In a comprehensive in East London, where only the ornate white tower of the local Hindu temple rises above the low terraced housing, a group of 35 14-year olds are having a lesson in interfaith understanding. There is not a single white face.
For an hour and a quarter, they sit attentively, asking questions to a visiting panel of three speakers in their 20s, one Muslim, one Christian and one Jewish. According to the teacher, many of the students have never have met anyone Jewish. Their Jewish visitor is Debbie Danon, 26, who is education manager of the Three Faiths Forum. Founded in 1997, the forum has evolved from simply being a meeting ground for leaders of the three Abrahamic faiths to a grassroots organisation active among youth and schoolchildren. In the past academic year, its programmes reached an estimated 5,000 students in 70 schools. More than 40 schools take part in its Shared Futures scheme, which encourages multi-faith links between schools.

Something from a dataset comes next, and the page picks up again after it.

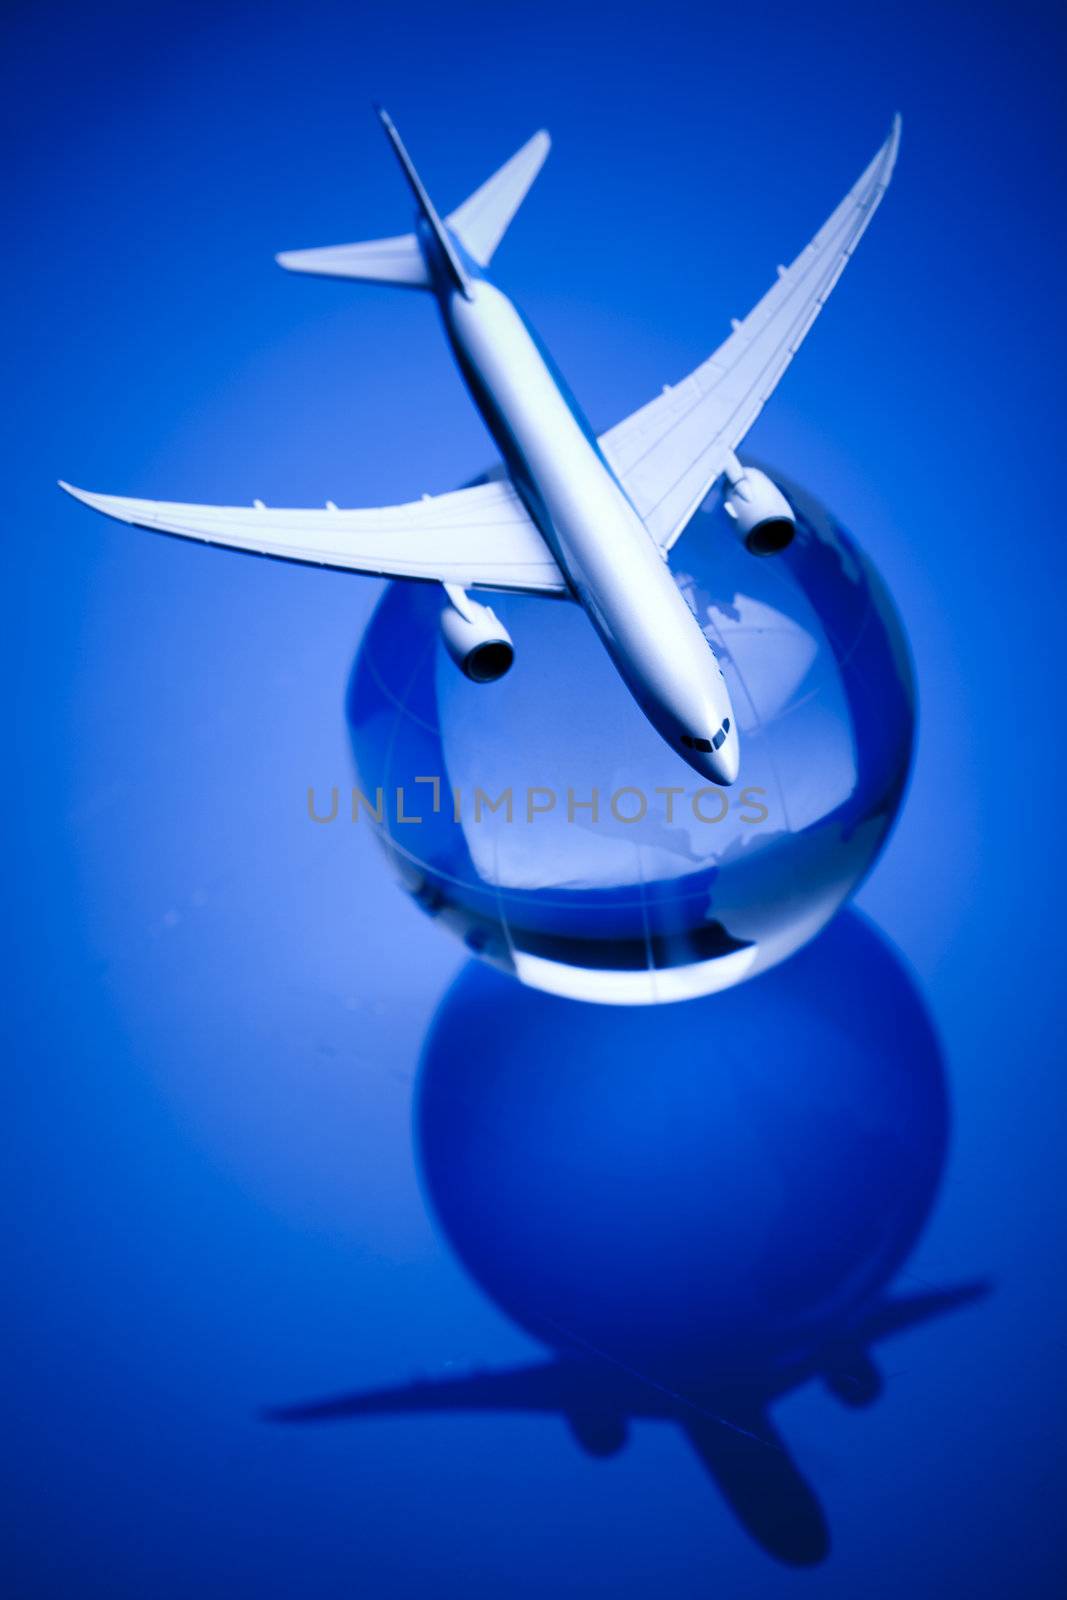 Airliner with earth in the blue background by JanPietruszka
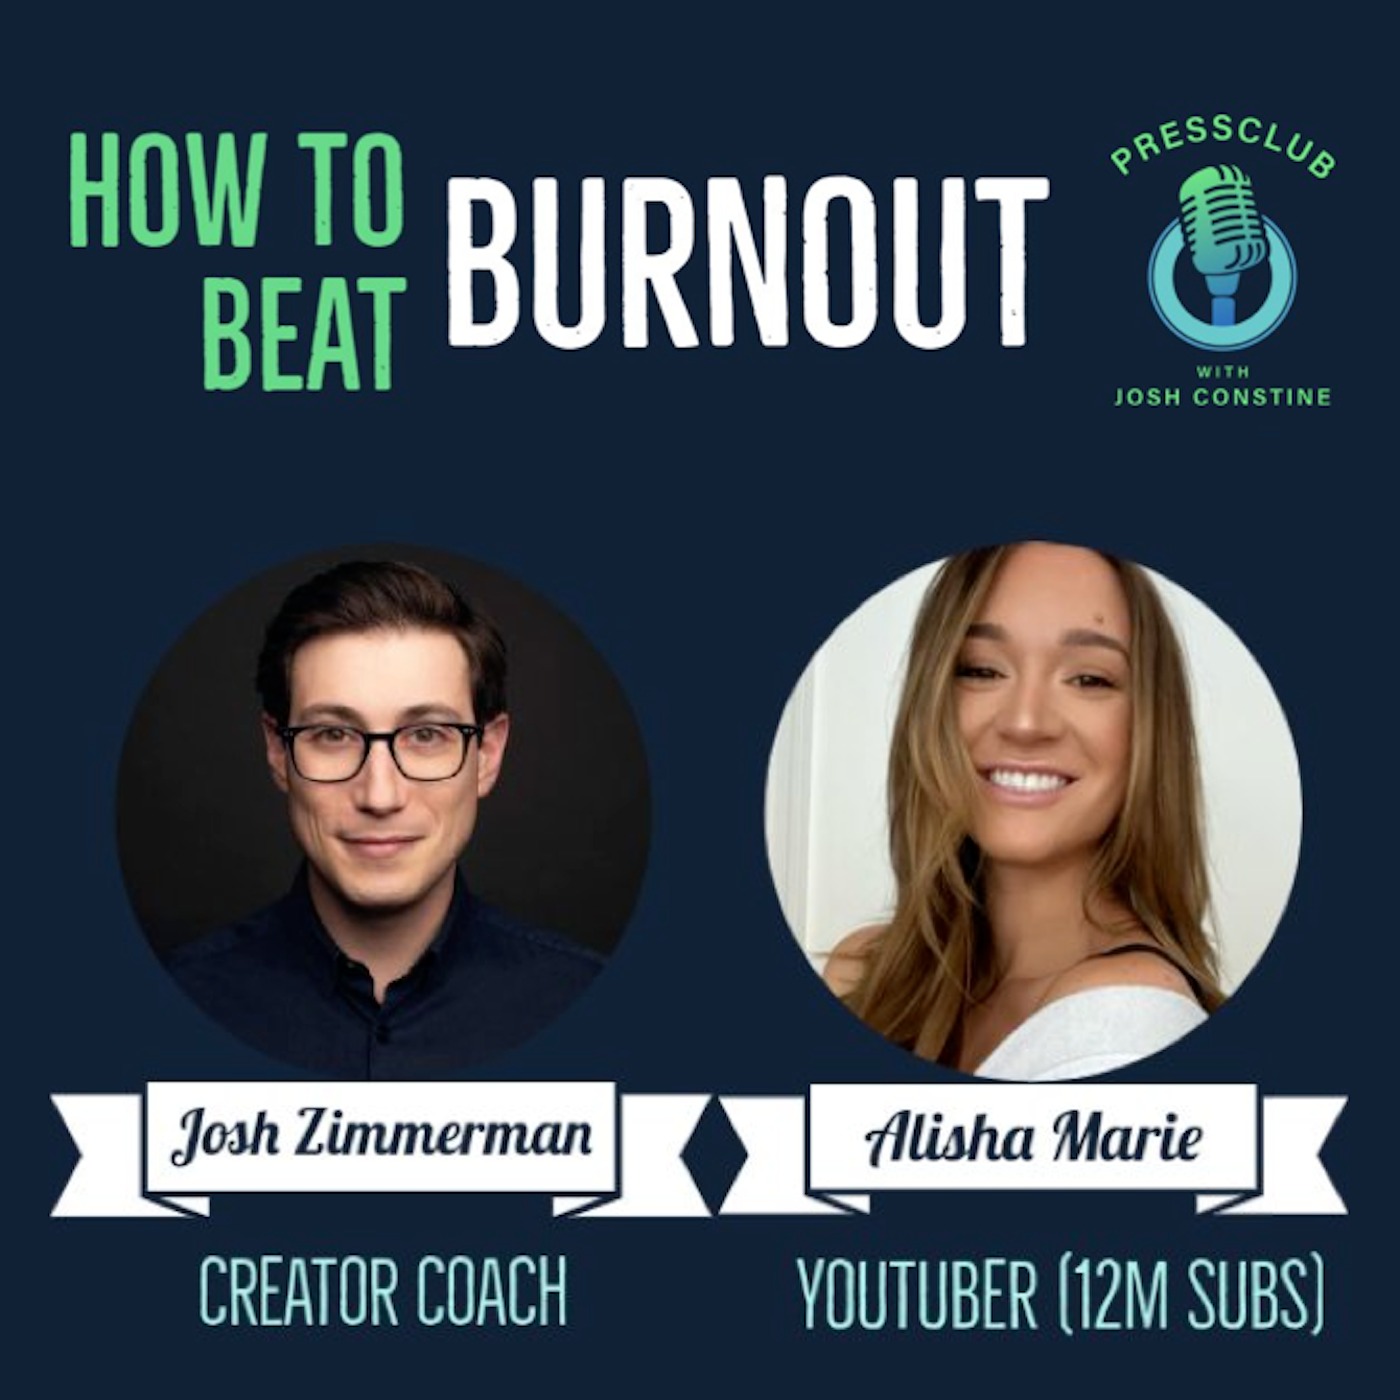 How To Beat Burnout: The 21st Century Workplace Injury

Ms Danon, who joined the forum in 1997, is not your typical North-West Londoner: she is from a Turkish Sephardi background, grew up in South London and studied theology at Cambridge, adding biblical Hebrew to the Ivrit after a gap year in Israel. She had been thinking of going into advertising or public relations before a coffee with the Board of Deputies' interfaith officer just before a trip to India helped her change course.
Originally, the forum's school programme involved comparative scriptural study of a topic. "Our most popular one is Bling – beauty, modesty and clothing. But some Jewish schools were not comfortable teaching other people's texts. So we said how about if people came in and talked a bit about their lives and the kids could ask them questions. They loved the idea."
Hence was born the Encountering Other Faiths programme, a "first step" towards interfaith empathy, she says. "One of the questions on our feedback form is 'Did you recognise ways in which the speaker's experiences were like your own?' Often, they would say, yes, they could really relate to these people."
Around the school circuit, she will face all sorts of inquiries like "Is that your own hair because I have heard Jewish women are bald" to "Why do Jewish men wear curly-wurlies". Meanwhile, she recalls pupils at a Jewish school being fascinated by their Muslim speaker's hijab. "They asked do you have to wear it when you go swimming – or if you go a party.
"But we want to visit the students several times - we've seen that's what gets results. And also to give platforms for those young people to share what they have learned with the rest of the school, so it's more of a school culture, rather something just a few experience."